GIVEN DATA:
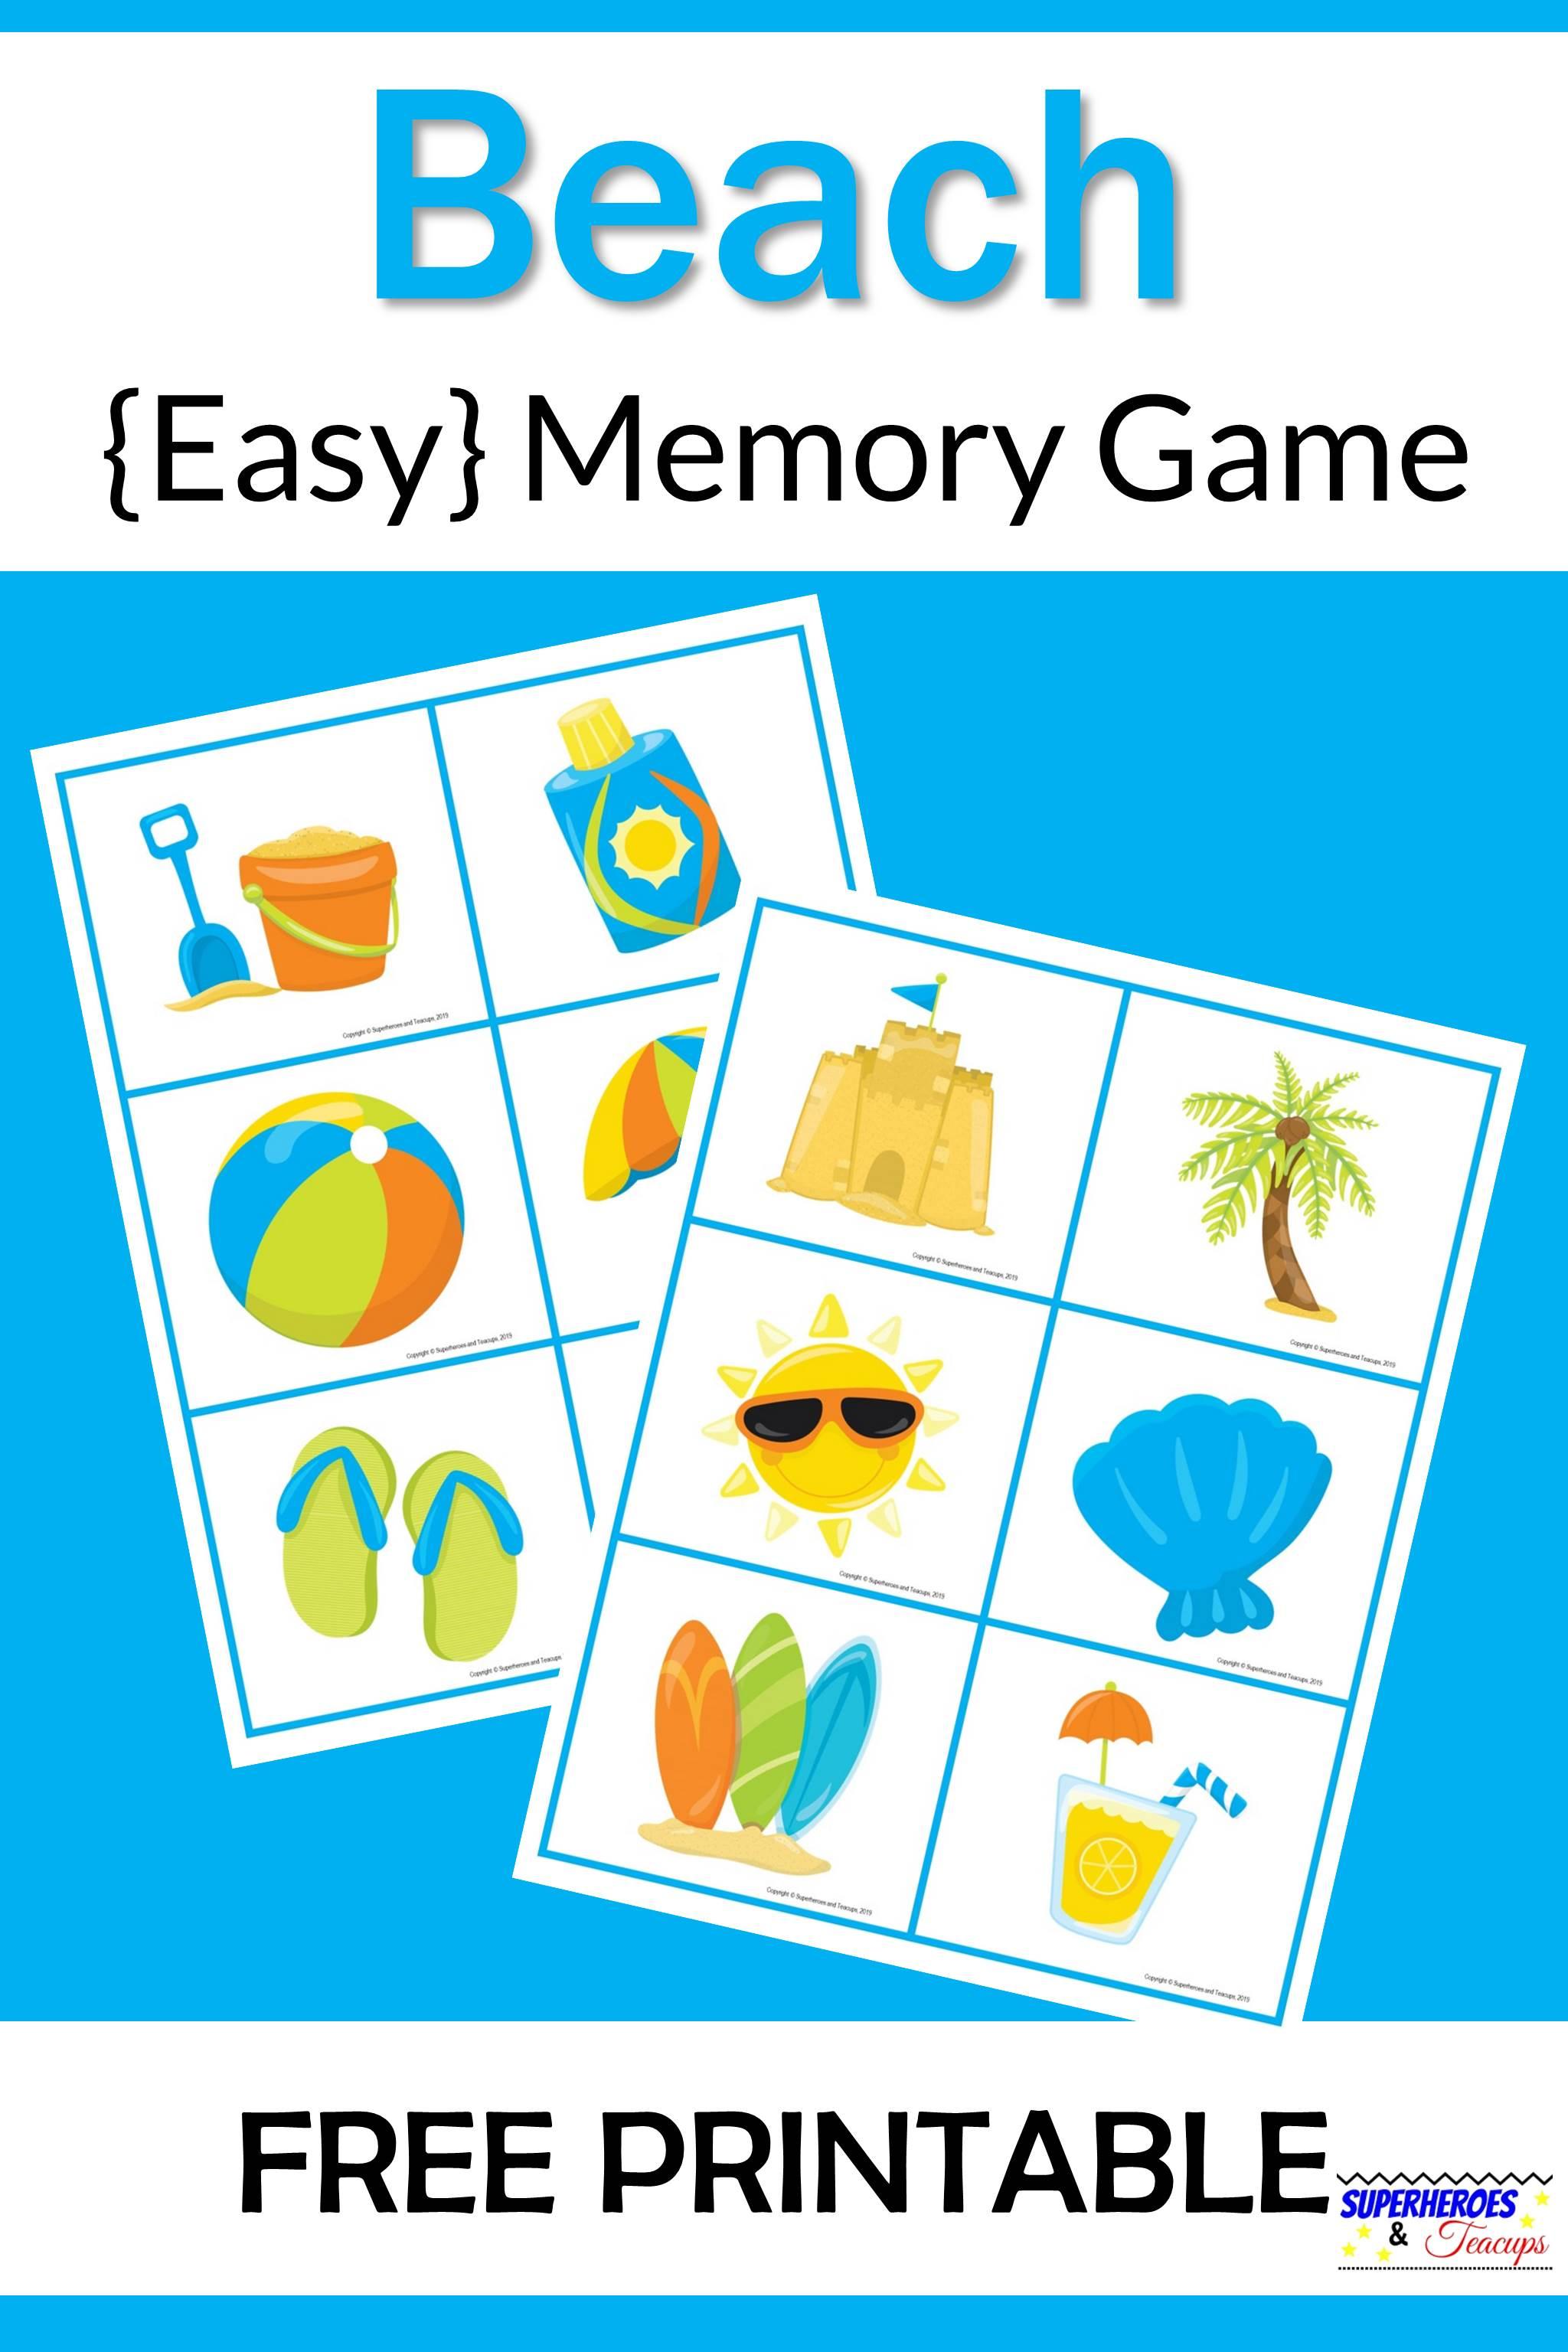 Beach Memory Game Free Printable for Kids
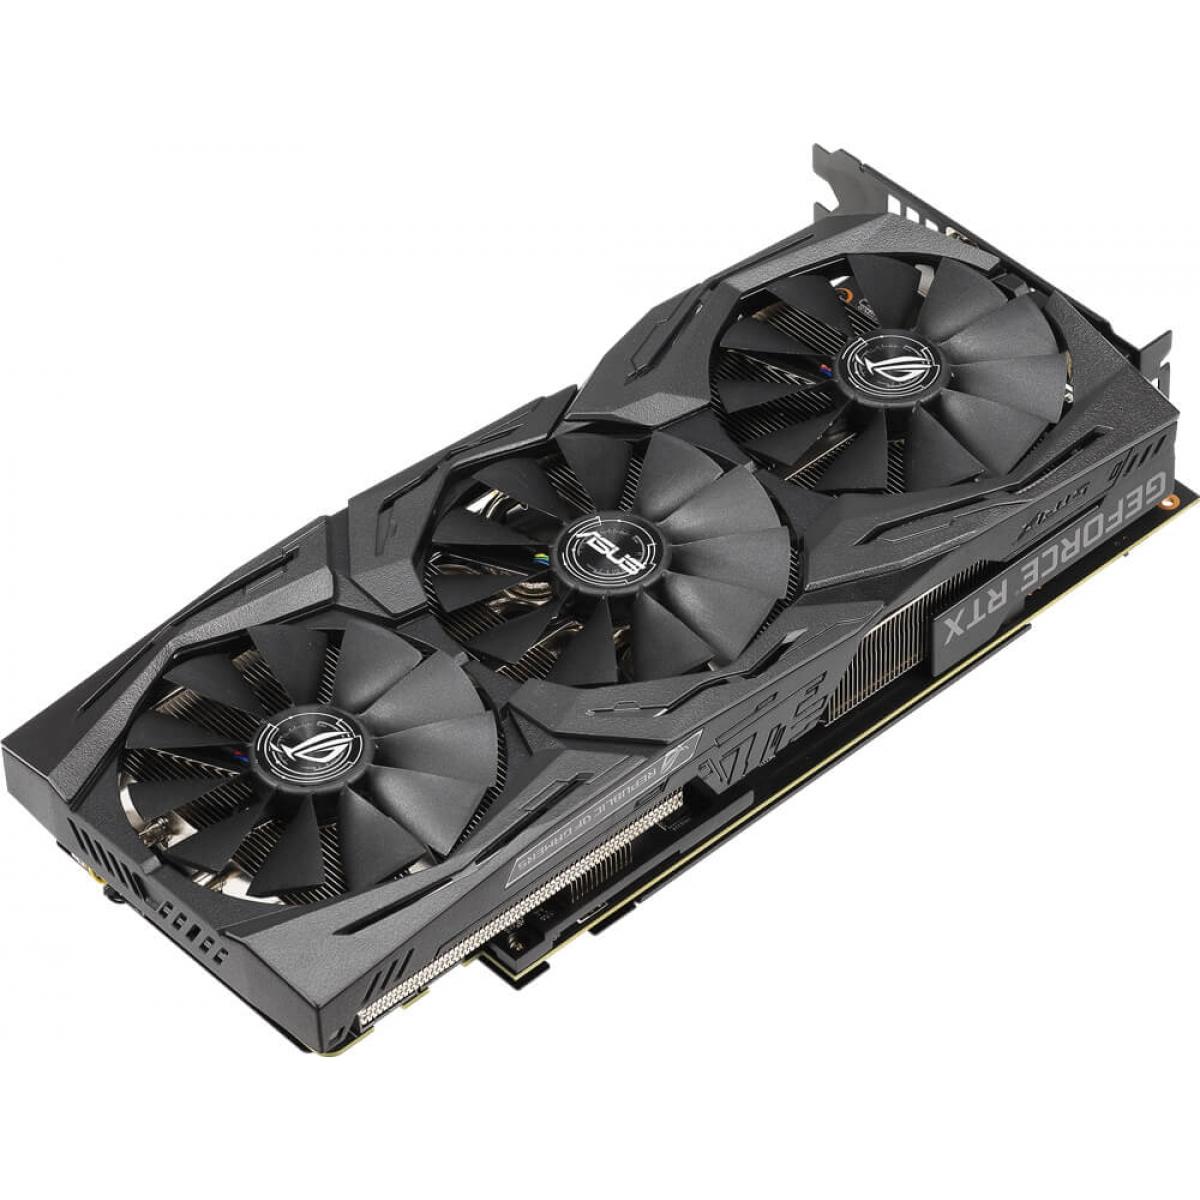 Placa de Vídeo Asus Geforce RTX 2070 ROG STRIX GAMING OC, 8GB GDDR6, 256Bit, ROG-STRIX-RTX2070-O8G-GAMING
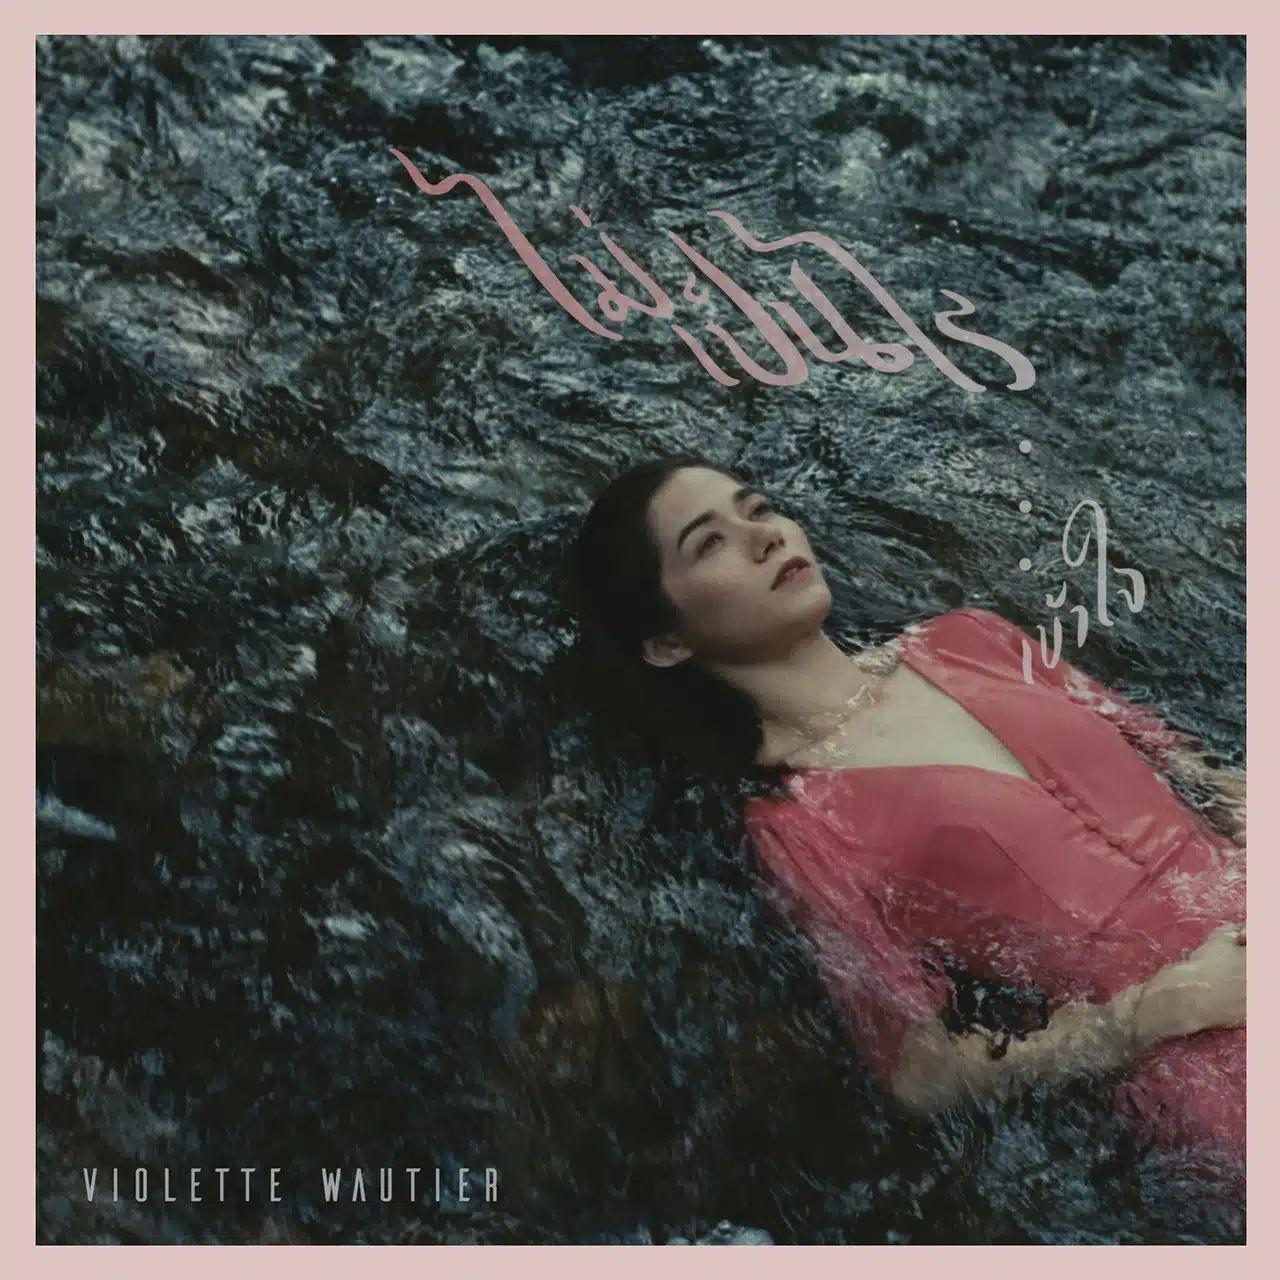 Goodbye Violette Wautier
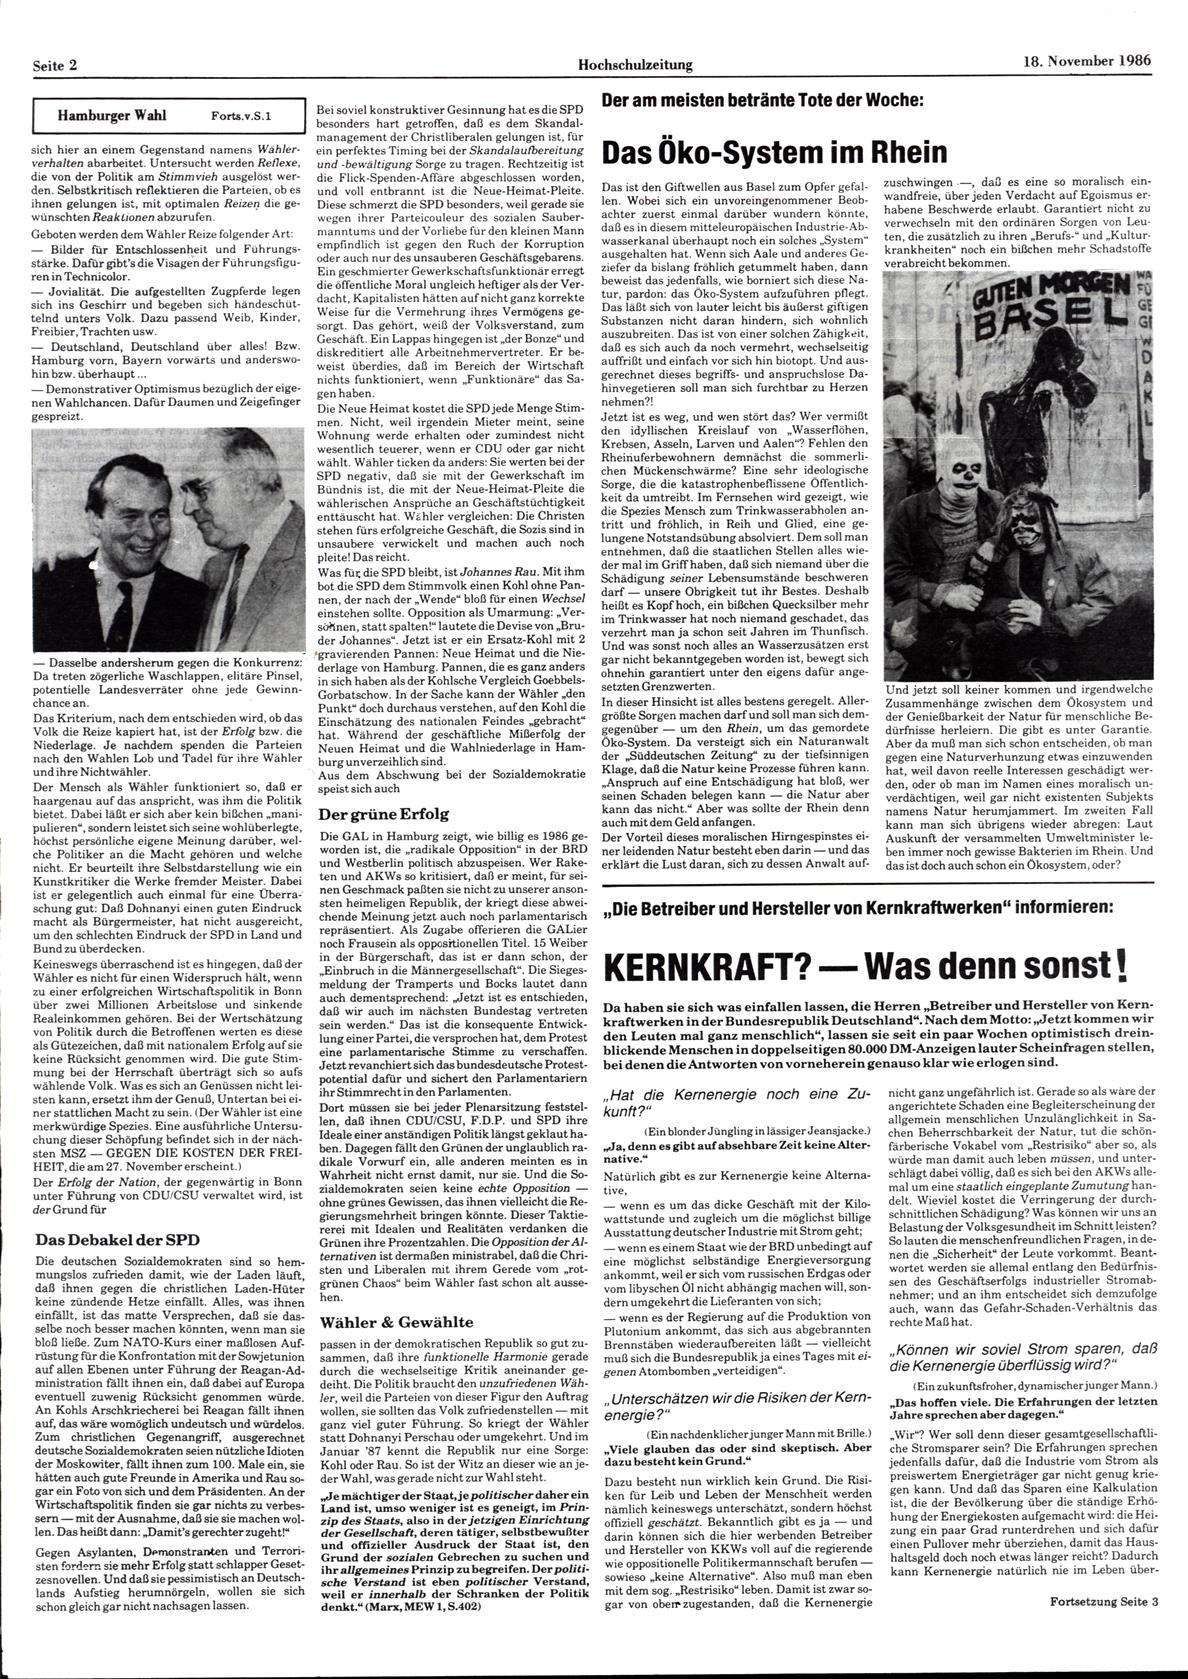 Bochum_BHZ_19861118_139_002

WHAT IS BEING ASKED:
Begin at the line containing "Goodbye Violette Wautier" and restate exactly every line through the end of the material, skipping the pictures.

SOLUTION FOR THIS EXERCISE:
 Goodbye Violette Wautier
 Bochum_BHZ_19861118_139_002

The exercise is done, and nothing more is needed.